▸ PROVIDED MATERIAL

--------

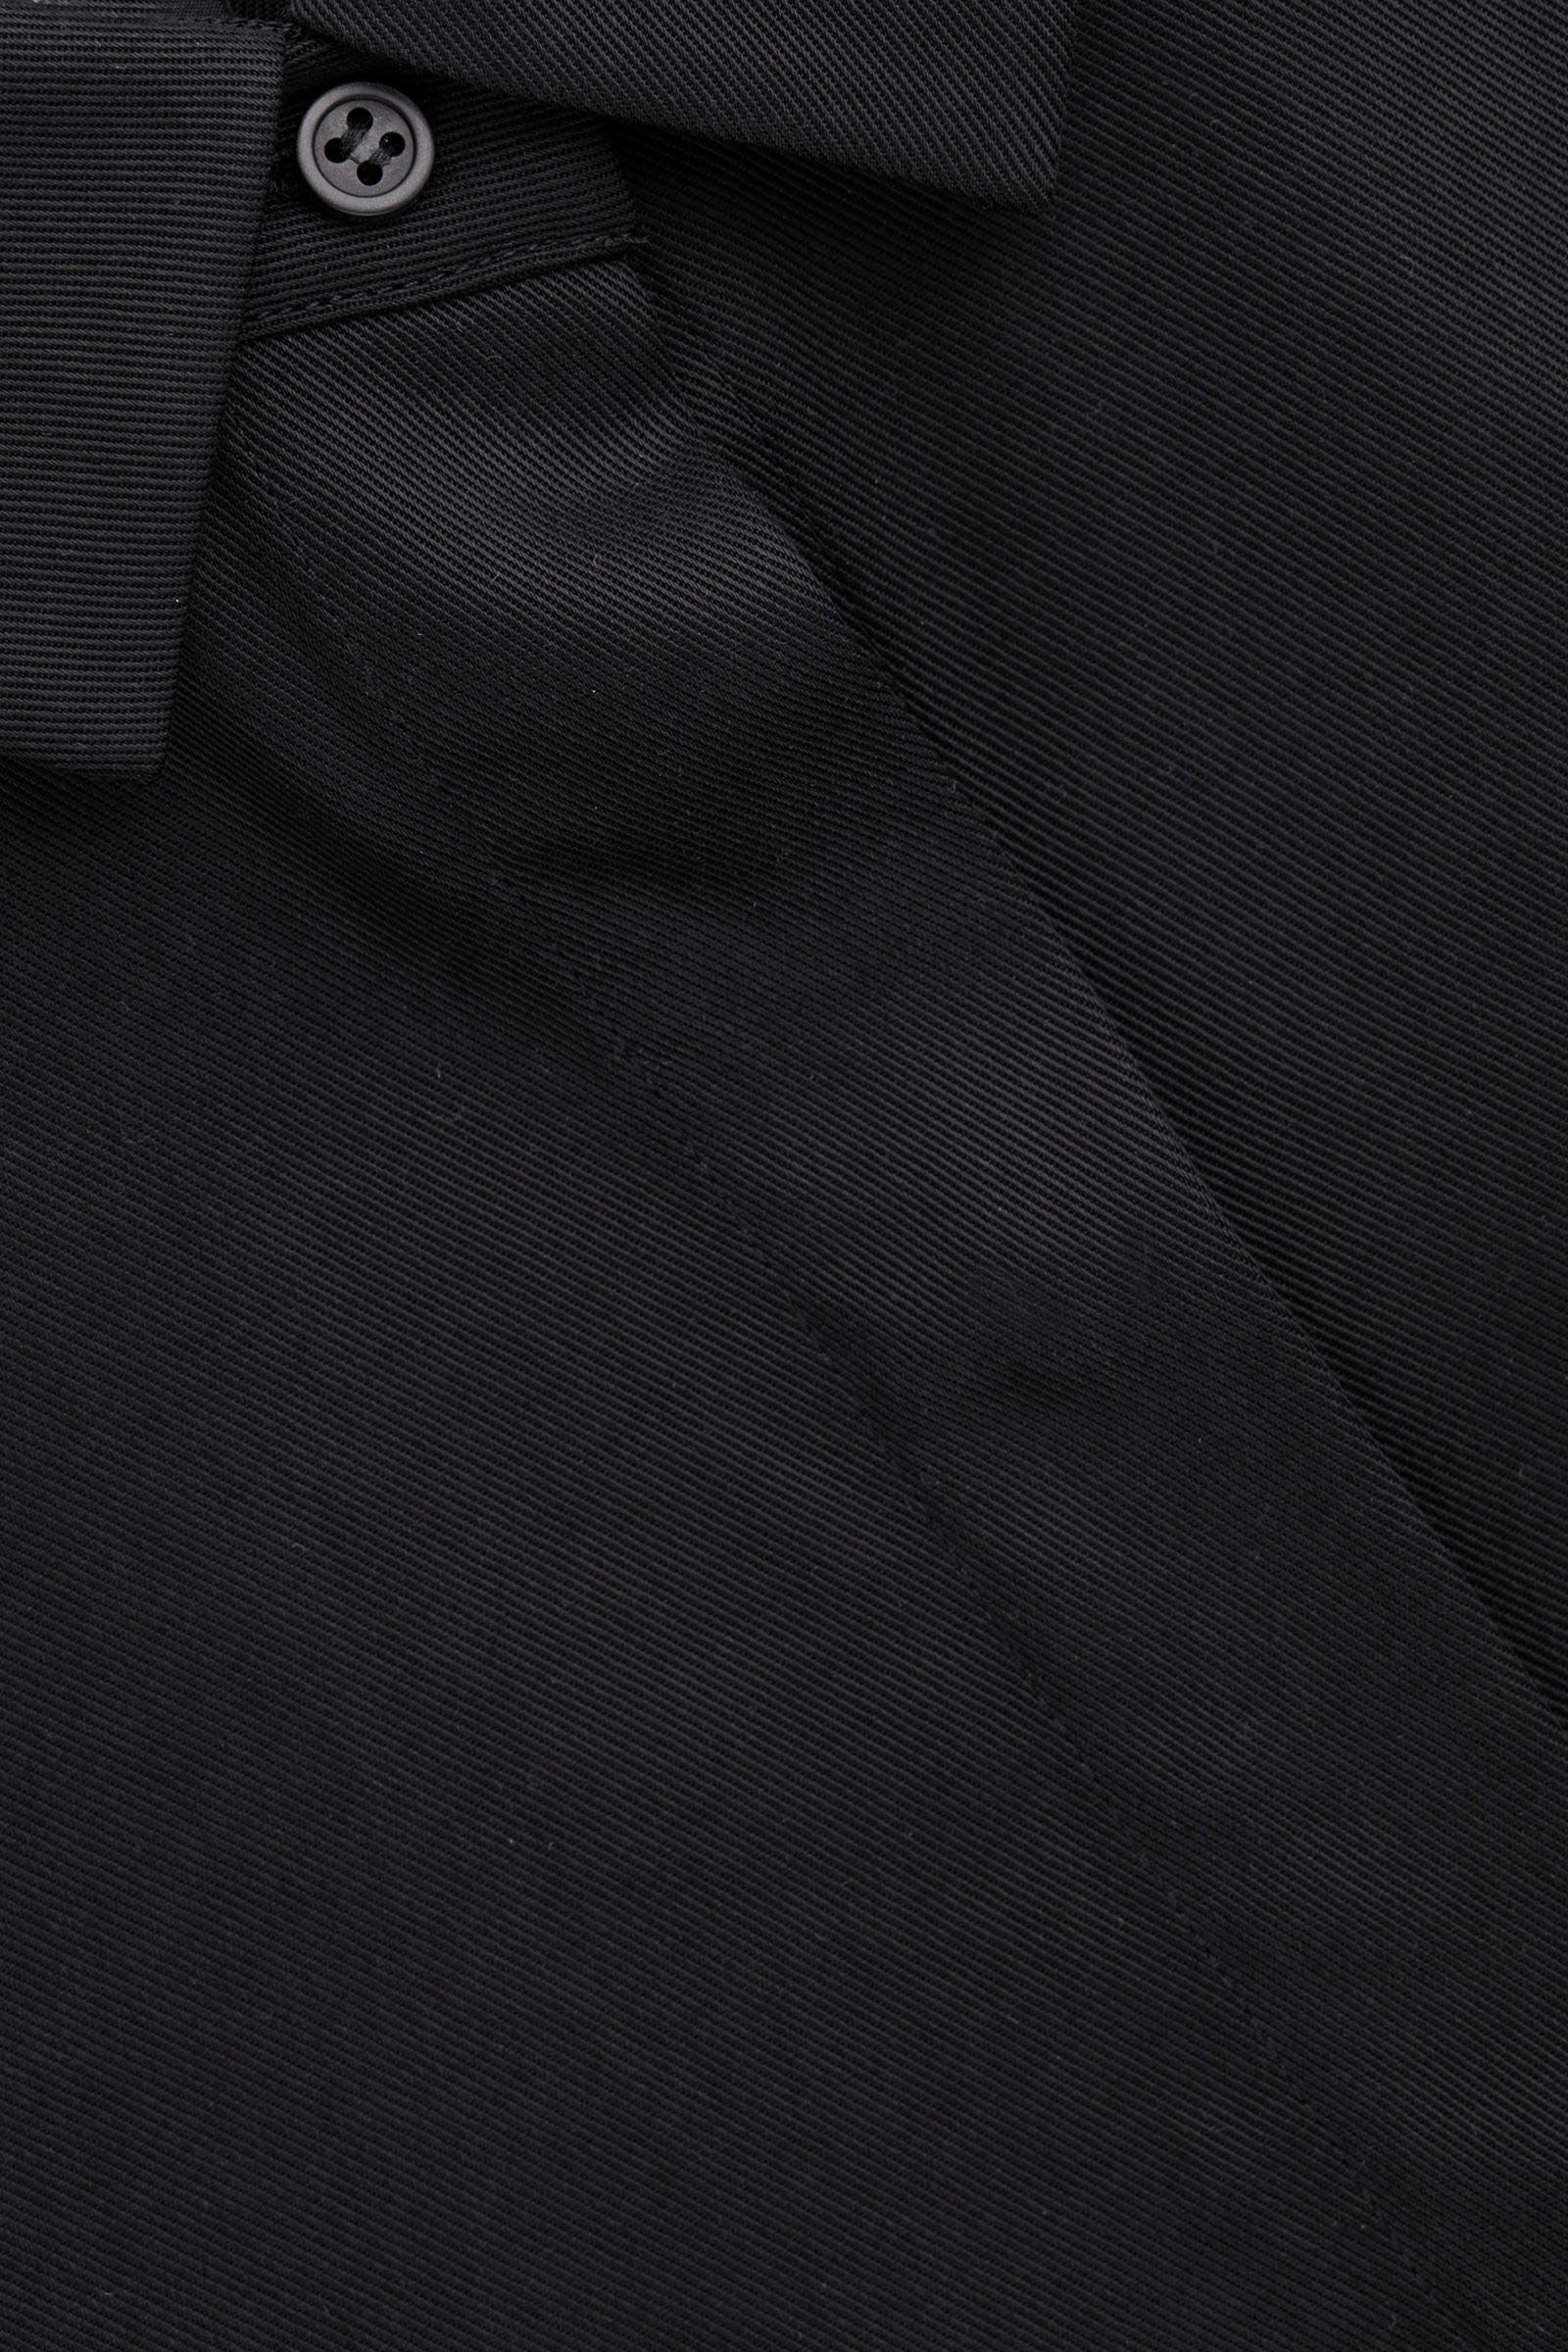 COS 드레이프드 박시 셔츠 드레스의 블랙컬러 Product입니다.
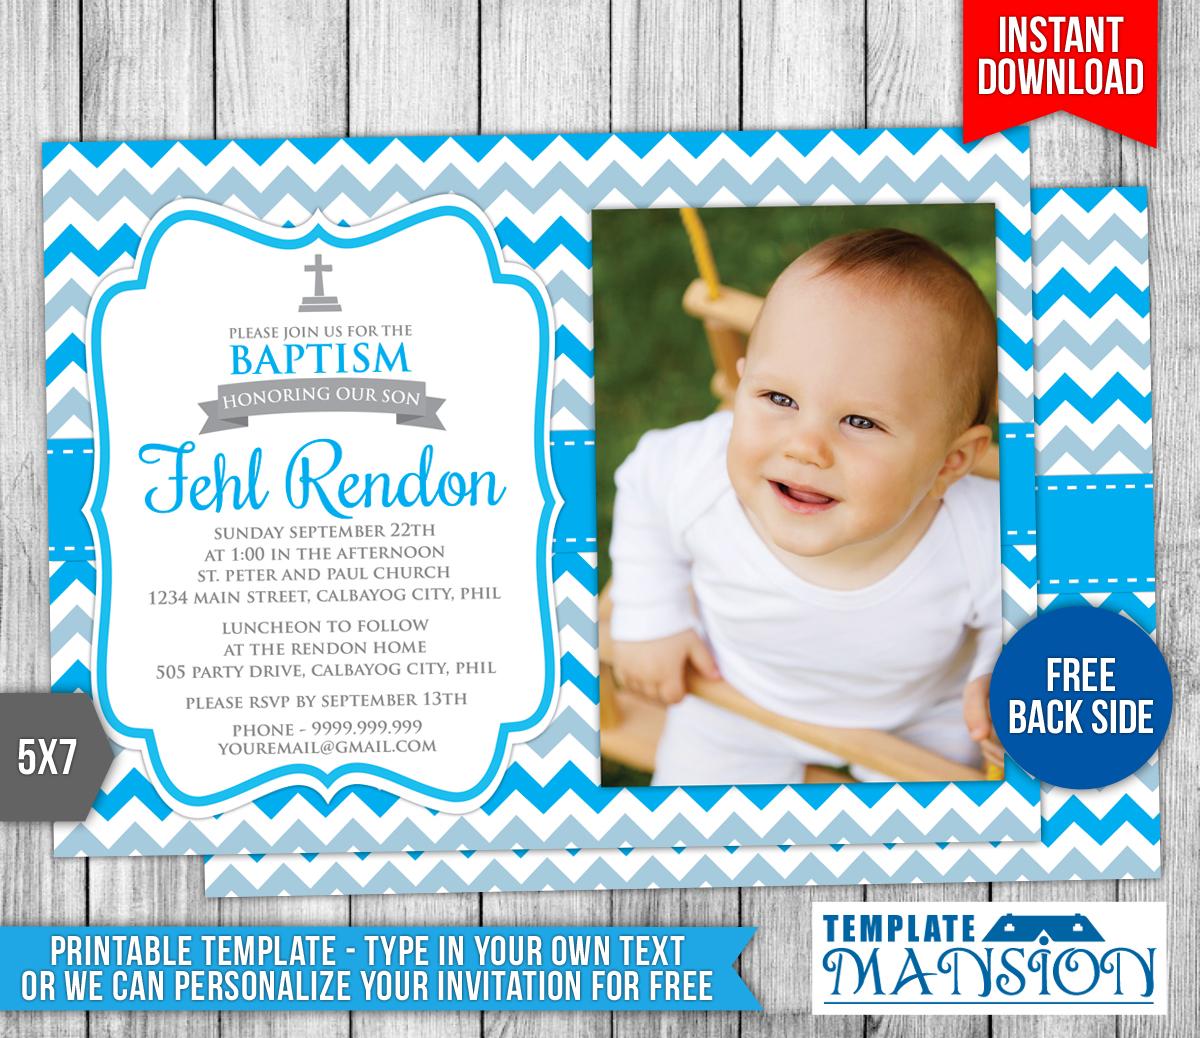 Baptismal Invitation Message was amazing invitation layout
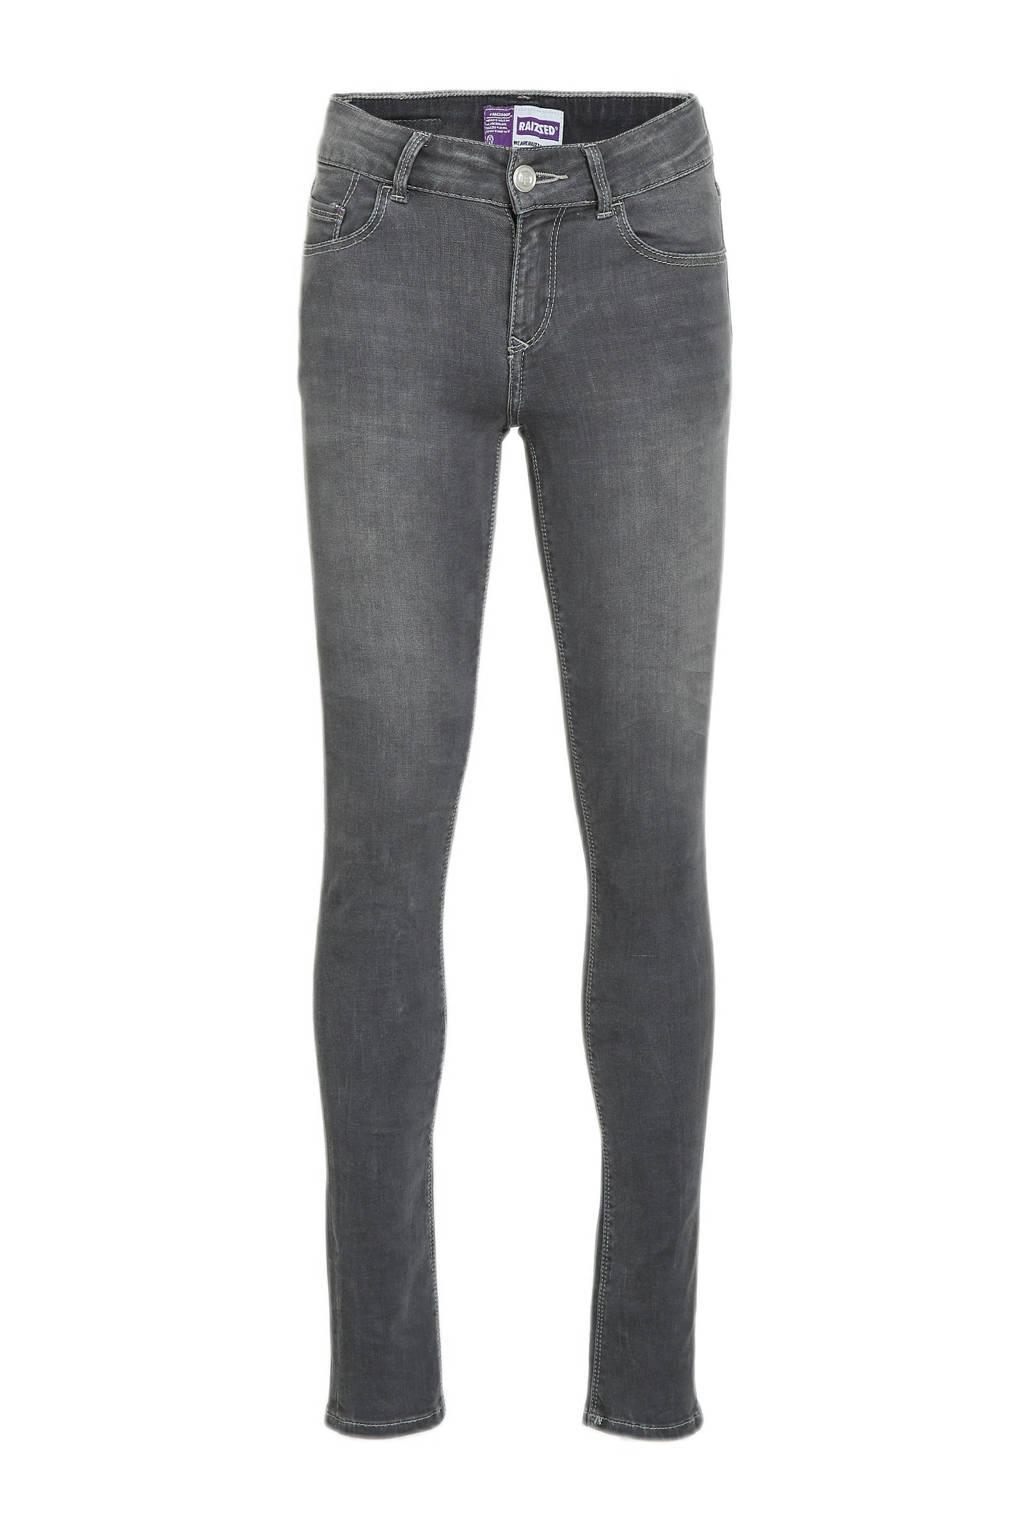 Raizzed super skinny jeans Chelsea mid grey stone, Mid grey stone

--------

▸ ASSIGNMENT
Write out again every line above exactly as given; the pictures do not belong in the copy.

▸ RESPONSE AREA
 COS 드레이프드 박시 셔츠 드레스의 블랙컬러 Product입니다.
 Baptismal Invitation Message was amazing invitation layout
 Raizzed super skinny jeans Chelsea mid grey stone, Mid grey stone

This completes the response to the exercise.